OmniConsistency: Learning Style-Agnostic Consistency from Paired Stylization Data
Yiren Song, Cheng Liu, Mike Zheng Shou
TL;DR
OmniConsistency introduces a diffusion-transformer–based, style-agnostic consistency plugin that decouples style learning from content preservation via a two-stage training regime and a rolling LoRA bank. By attaching a lightweight Consistency LoRA to the conditioning path and using efficient conditioning strategies, it achieves strong identity and detail preservation across diverse styles, including unseen LoRAs, while maintaining competitive text-image alignment. The approach is validated on a 2,600-pair, 22-style dataset and demonstrates superior style fidelity and structure preservation with modest computational overhead, offering practical plug-and-play integration for diffusion-based stylization. The work advances controllable, high-fidelity image stylization suitable for broad deployment and future research in consistency modeling with diffusion transformers.
Abstract
Diffusion models have advanced image stylization significantly, yet two core challenges persist: (1) maintaining consistent stylization in complex scenes, particularly identity, composition, and fine details, and (2) preventing style degradation in image-to-image pipelines with style LoRAs.
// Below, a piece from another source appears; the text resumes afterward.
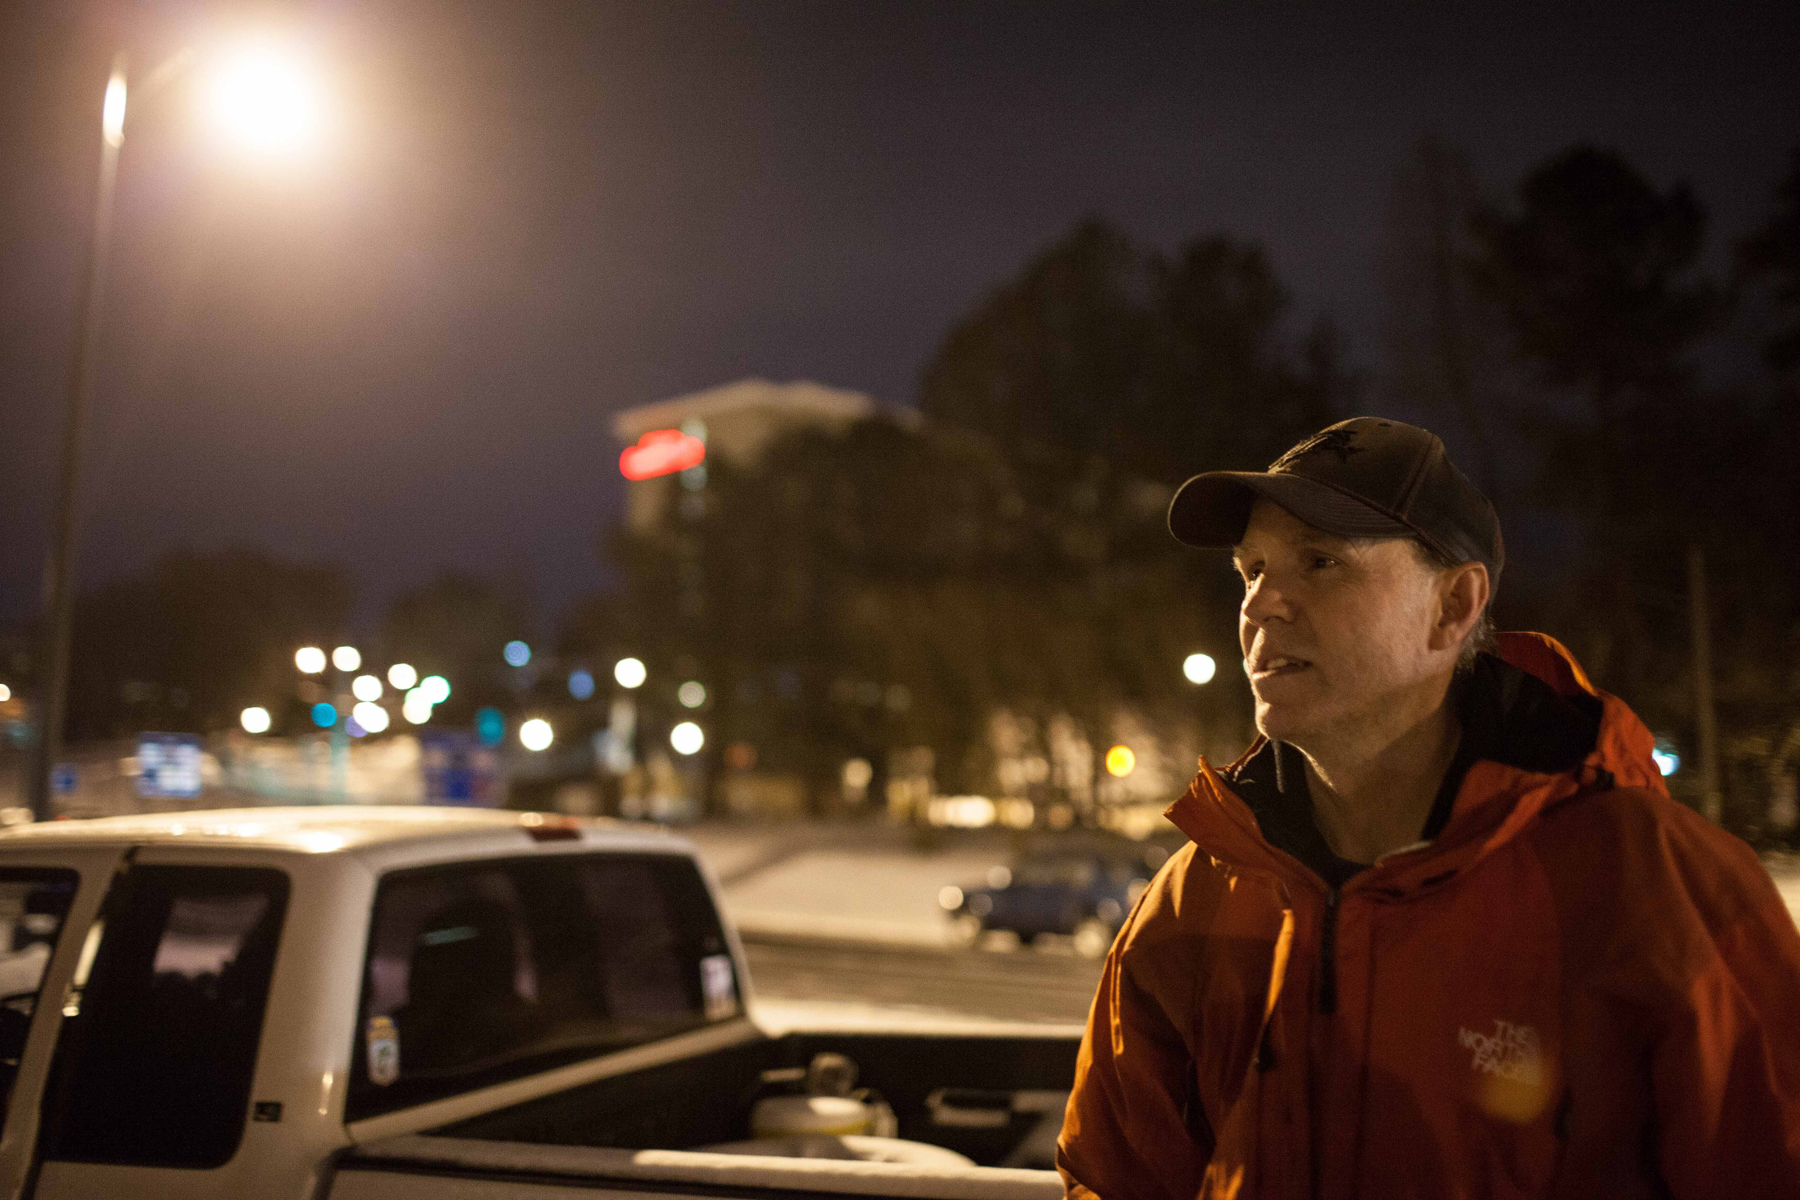 Jeff Brown stands outside of his truck that he slept in Tuesday night after being stranded on Interstate 285, early Wednesday, Jan. 29, 2014, in Dunwoody, Ga.

GPT-4o's exceptional stylization consistency highlights the performance gap between open-source methods and proprietary models. To bridge this gap, we propose \textbf{OmniConsistency}, a universal consistency plugin leveraging large-scale Diffusion Transformers (DiTs). OmniConsistency contributes: (1) an in-context consistency learning framework trained on aligned image pairs for robust generalization; (2) a two-stage progressive learning strategy decoupling style learning from consistency preservation to mitigate style degradation; and (3) a fully plug-and-play design compatible with arbitrary style LoRAs under the Flux framework. Extensive experiments show that OmniConsistency significantly enhances visual coherence and aesthetic quality, achieving performance comparable to commercial state-of-the-art model GPT-4o.